Begleitet von ihrem Gefolge enterten sie schließlich die Bühne. Doch Sprachlosigkeit gehört nicht zu den herausstechenden Charaktereigenschaften des aktuellen Gemünder Karnevalsprinzen. Untermalt von mehreren Musikeinspielungen, ließ er eine fröhliche Mallorca-Reise, die er gemeinsam mit seinem Gefolge verlebt hatte, noch einmal Revue passieren.

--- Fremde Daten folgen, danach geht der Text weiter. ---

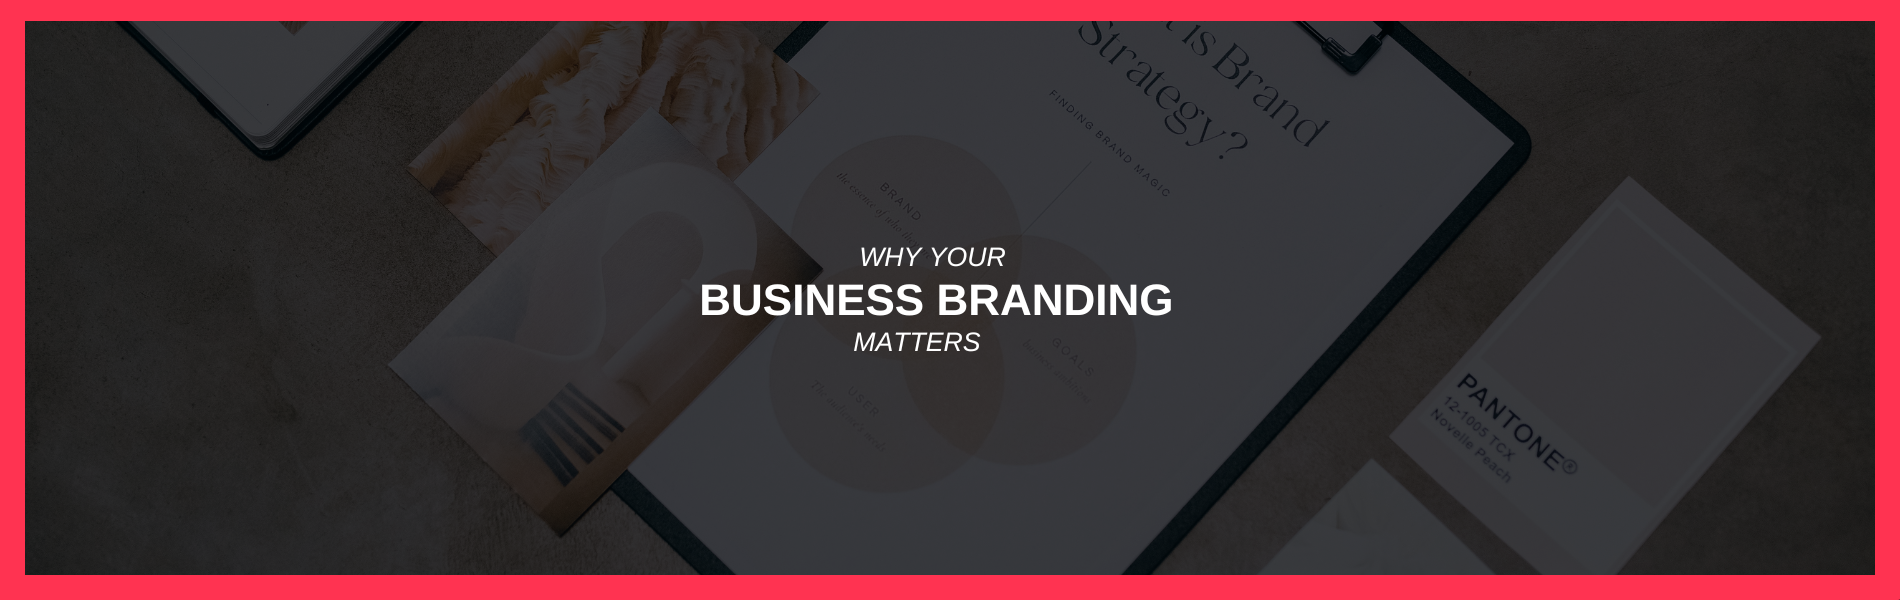 Why Your Business Branding Matters

Die Brüder gehören zur Gemünder Sitzung einfach dazu

Zu einem festen Bestandteil der Gemünder Sitzungen sind mittlerweile die „Drei Brüder“ Frank Michalski, Ewald Schäfer und Michael Hartmann geworden, die in der vergangenen Session zudem Verstärkung durch Michalskis Sohn Thorben als „Labbes“ bekommen haben. Sie lieferten, in schwarzen Anzügen mit Sonnenbrillen als „Blues Brothers“ dekoriert, eine Nummer ab, in der nicht nur Michalskis stets humorvoll gepflegte Schleiden-Phobie wieder zur Geltung kam, sie ließen auch kaum einen Seitenhieb auf die aktuellen Gemünder Verhältnisse aus.

Endlich hat der Rewe auf“, sangen die Brüder zur Melodie von „Immer wieder geht die Sonne auf“. Noch einmal Udo Jürgens wurde mit seinem New-York-Song bemüht, als es mangels Masse um die Unmöglichkeit einer Kneipentour in Gemünd ging: „Ich war so gern bei Onkel Franz, so gerne im Gemünder Hof, bei Drehsen-Theißen, Lieske, Dampflok, Lesch, Schorns Lud.“

Das Tanzpaar zeigte nach fünf Jahren seinen letzten Auftritt

Einen Abschied vom Gemünder Publikum nahm das Tanzpaar Anna Diederichs und Cedric Heinrichs, das nach fünf Jahren seinen letzten Auftritt zeigte. Genauso waren das Synchrontanzpaar Maria Laux und Diana Henninger mit ihrem Tanz zu sehen, ebenso Solomariechen Sarah Laux und die Vorzeigegarde der Gemünder, die Roten Funken. Auch die Showtanzgruppe Gemünd und das Männerballett „Schlawinchen“ rissen das Publikum mit ihrem aktuellen Programm von den Sitzen.

Eine besondere Überraschung hatten sich die „Schlawinchen“ ausgedacht. Mit Bürgermeister Ingo Pfennings ehrten sie die Junioren-Weltmeisterin Helena Decker als „Stärkste Frau von Schleiden“. Auch ihre Trainerin Maria Dreßen wurde dabei mitgeehrt. Es war eine überraschende Ehrung für Decker, Junioren-Weltmeisterin im Kraftdreikampf.

Als „Singmajor“ ging Stefan Klippel auf die Bühne und begeisterte die Zuschauer. Stammgäste bei der Gemünder Sitzung sind „Botz und Bötzje“, die ihr Zwiegespräch präsentierten. Den Abschluss im Kursaal lieferte die Band „Firlefanz“ aus Bitburg.